Basically checking for [url]http://oeis.org/A135980[/url] , but it's not working as intended. I'm using a so x doesn't repeat a value, this seems to work however it reports 6 as the second term not 9 so I've made a major error. doh I should have reversed the order of the loops I think. I see why it prints six because it checks 11==13 and that's false so it prints x then puts 5 in a so it then increments without finding the next match and hence it returns 6 on finding 13!=17.

[QUOTE=science_man_88;243003][CODE]a=0;for(i=1,#mersenne,for(x=a+1,100,if(prime(x)==mersenne[i],a=x;break(),print1(x",");a=x;break())))[/CODE]

Basically checking for [url]http://oeis.org/A135980[/url] , but it's not working as intended.
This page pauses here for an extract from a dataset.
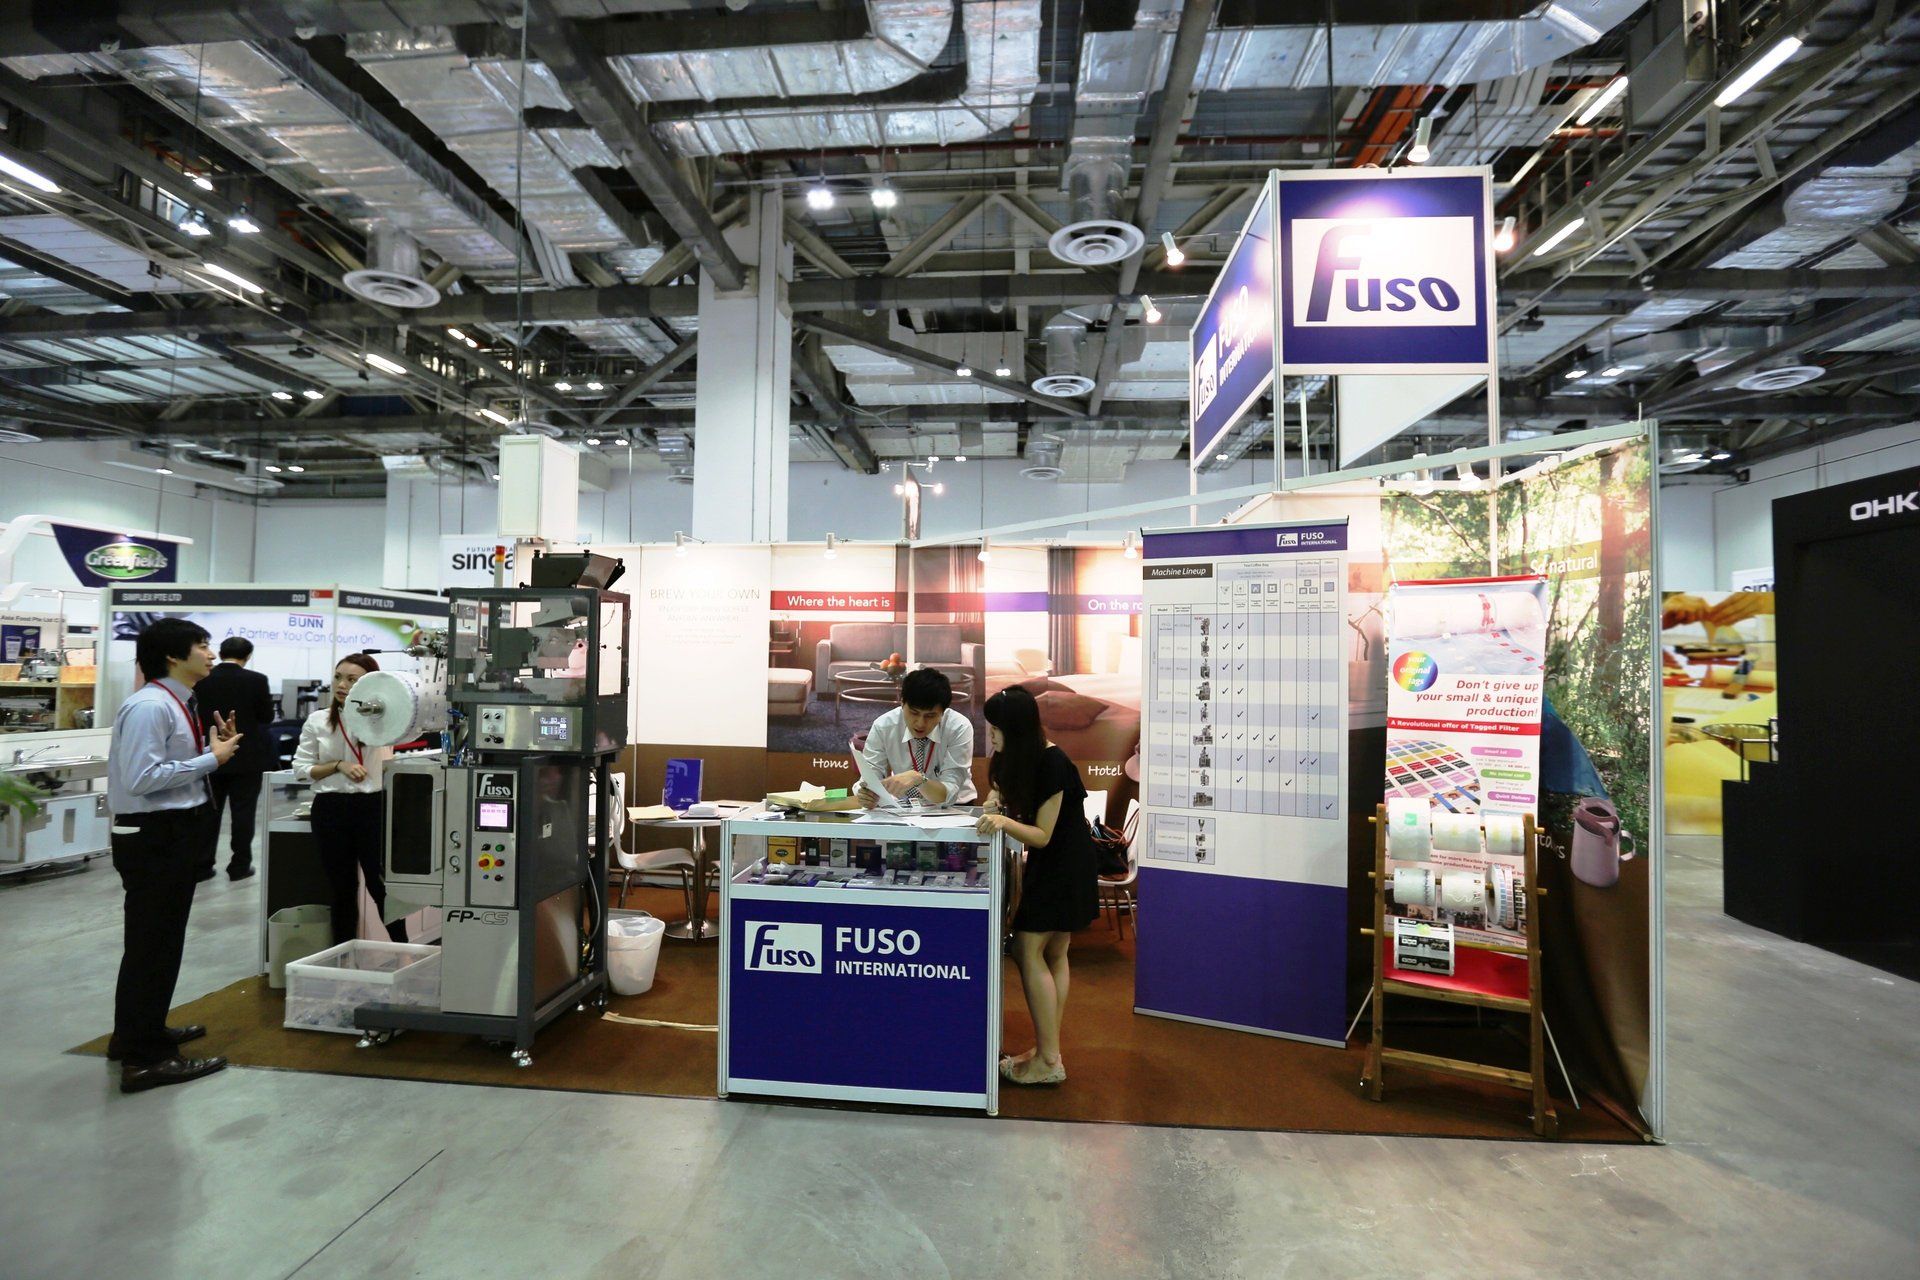 Fuso International @ Cafe Asia 2014. Booth designed and built by Essential Global Fairs.

I'm using a so x doesn't repeat a value, this seems to work however it reports 6 as the second term not 9 so I've made a major error. doh I should have reversed the order of the loops I think. I see why it prints six because it checks 11==13 and that's false so it prints x then puts 5 in a so it then increments without finding the next match and hence it returns 6 on finding 13!=17.[/QUOTE]

note putting a i=i-1 in the if false part worked.

[CODE]aliquot(x,y)=b=0;v=vector(y);v[1]=x;for(i=2,#v,for(a=1,i-1,if(sigma(v[i-1])-v[i-1]==0 || sigma(v[i-1])-v[i-1]==v[a],break(2),b=b+1;if(b!=a,b=0;break(2),v[i]=sigma(v[i-1])-v[i-1];b=0;break()))))[/CODE]

this seem to work for aliquot checking repeat lol.Now I just have to eliminate the y variable and cleave it to the final length if not less than infinite I think. too bad i can't get it to start at any index already calculated.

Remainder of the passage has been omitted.